I have a feature I created all by myself! Yay me!
So, you know how I work at the library, right? Well, it’s a dream job for me because I’m drooling over books that pass through my hands everyday. They taunt me up on the shelves. So I thought, why don’t I do something about it and make it part of the blog?
My position at the Main Branch of our county library system is “page” – I put the books away. That’s how I came up with the “catchy” feature title. Get it? Yeah, you know you do….
When I have time, I’m going to broaden my horizons and check out books that are not my usual thing and discuss/review them here on my blog.
First up are two of Patricia Brigg’s graphic novels. Being a huge fan of Ms. Brigg’s two series, Mercedes Thompson and Alpha & Omega, I had been wanting to check out these graphic novels for some time now. I was particularly in the mood to relive some of the older stories in both of the series.
Our library (and probably yours) does inter-library loans. So even though my branch doesn’t have these books on their shelves, I was able to borrow them from another branch (or two) in our library system. If we didn’t have them in our group of county libraries, our state does inter-state library loans. Amazingly awesome, huh?! I can borrow from other participating libraries all over Michigan! You should check your state to see if you have that service available. A whole new world of available books could open up for you!
But back to the graphic novels: you’ll notice I’m not reviewing these on their merits as a graphic novel itself. I’m not really a good judge of that because I just don’t read enough of them. I’m solely reviewing these as a reader of urban fantasy novels who picked up graphic novel versions of her favorite books. That’s the official disclaimer; that if you think these reviews suck, don’t blame me, I don’t know what I’m talking about.
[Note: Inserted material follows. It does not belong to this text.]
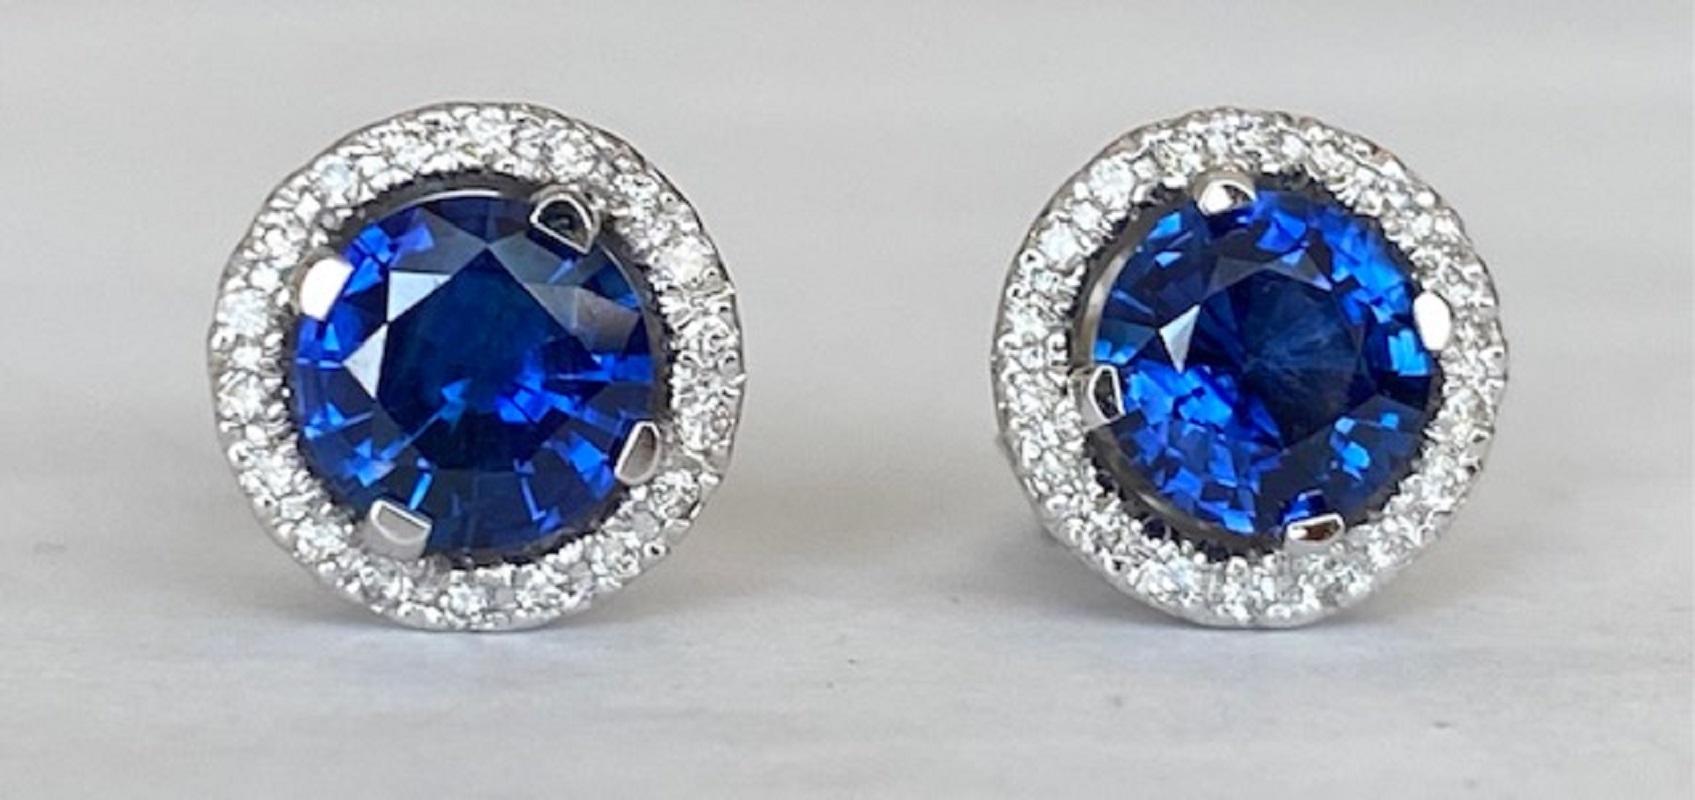 Ear studs in white gold, offered in new condition, with two brilliant cut sapphires of approx. 1.62 ct combined! The sapphires have rich Vivid/Deep blue colour! The stones are surrounded by an entourage of 36 brilliant cut diamonds of approx. 0.40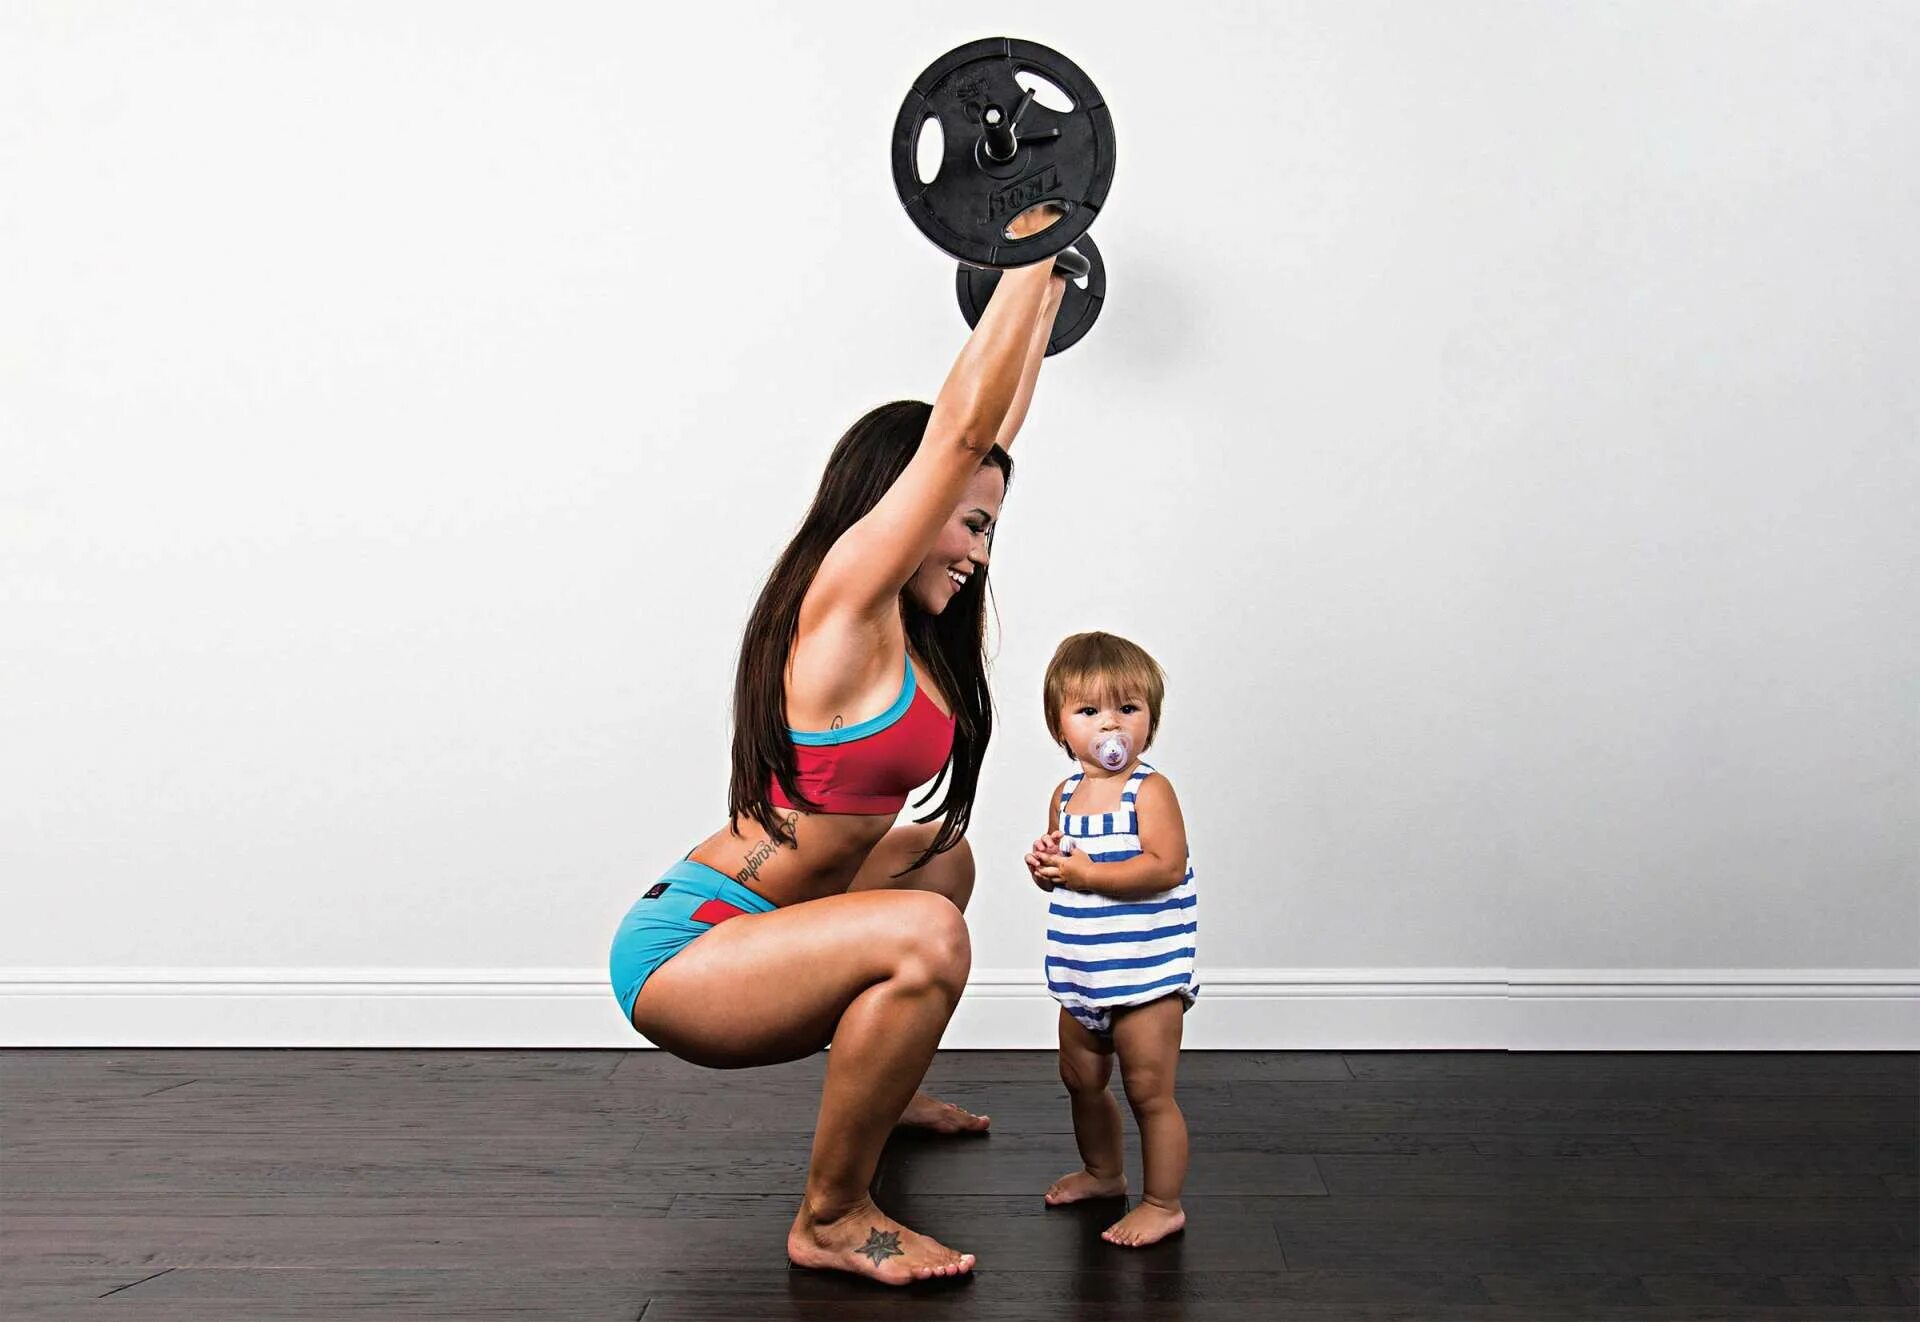 Мама фит. Fit Mommy. Fit mother with Baby selfie.

Mercy Thompson: Moon Called, Vol. 1 (Mercedes Thompson Graphic Novels #1: part 1 of 2)
by Patricia Briggs, David Lawrence, Amelia Woo
Published March 1st, 2011
Graphic Novel | Urban Fantasy
About the book:
Mercy Thompson inhabits two worlds without truly belonging to either.
To the human inhabitants of Tri-Cities she’s an oddity, a fiercely independent woman who repairs cars for a living. To the town’s darker residents; werewolves, vampires, and fae, she’s a walker, a last-of-her-kind magical being with the power to become a coyote.
Mercy warily straddles the fine line dividing our everyday world from that darker dimension… until a boy, mauled by vicious werewolves and running for his life, appears at her door.
Now her two worlds are about to collide! Outnumbered and out-muscled, can Mercy possibly save the boy… or even herself?
Graphic novels are beautiful. Some of the artists are doing truly amazing work worthy of museums. But when you start messing with characters that I already have mental pictures of… things can go horribly wrong for this reader and I start to cringe. This version’s characters from Moon Called was dead on the money for me! The Mercy represented on the cover was exactly how I pictured her in my head from all my reading. The Mercy in the story boards was different but I had absolutely no qualms with her appearance.
Adam Hauptman was a little off for me. It only distracted me briefly in the first scenes but once he got the snot beat out of him (part of the story – don’t think I’m actually ruining anything if you haven’t read the book(s)) he looked better.
My personal favorite character representation? Zee!! But you don’t get a graphic novel to just look at the pictures to see what someone else thought your beloved characters looked like, right? You want to see how close they kept to the story. At least I did.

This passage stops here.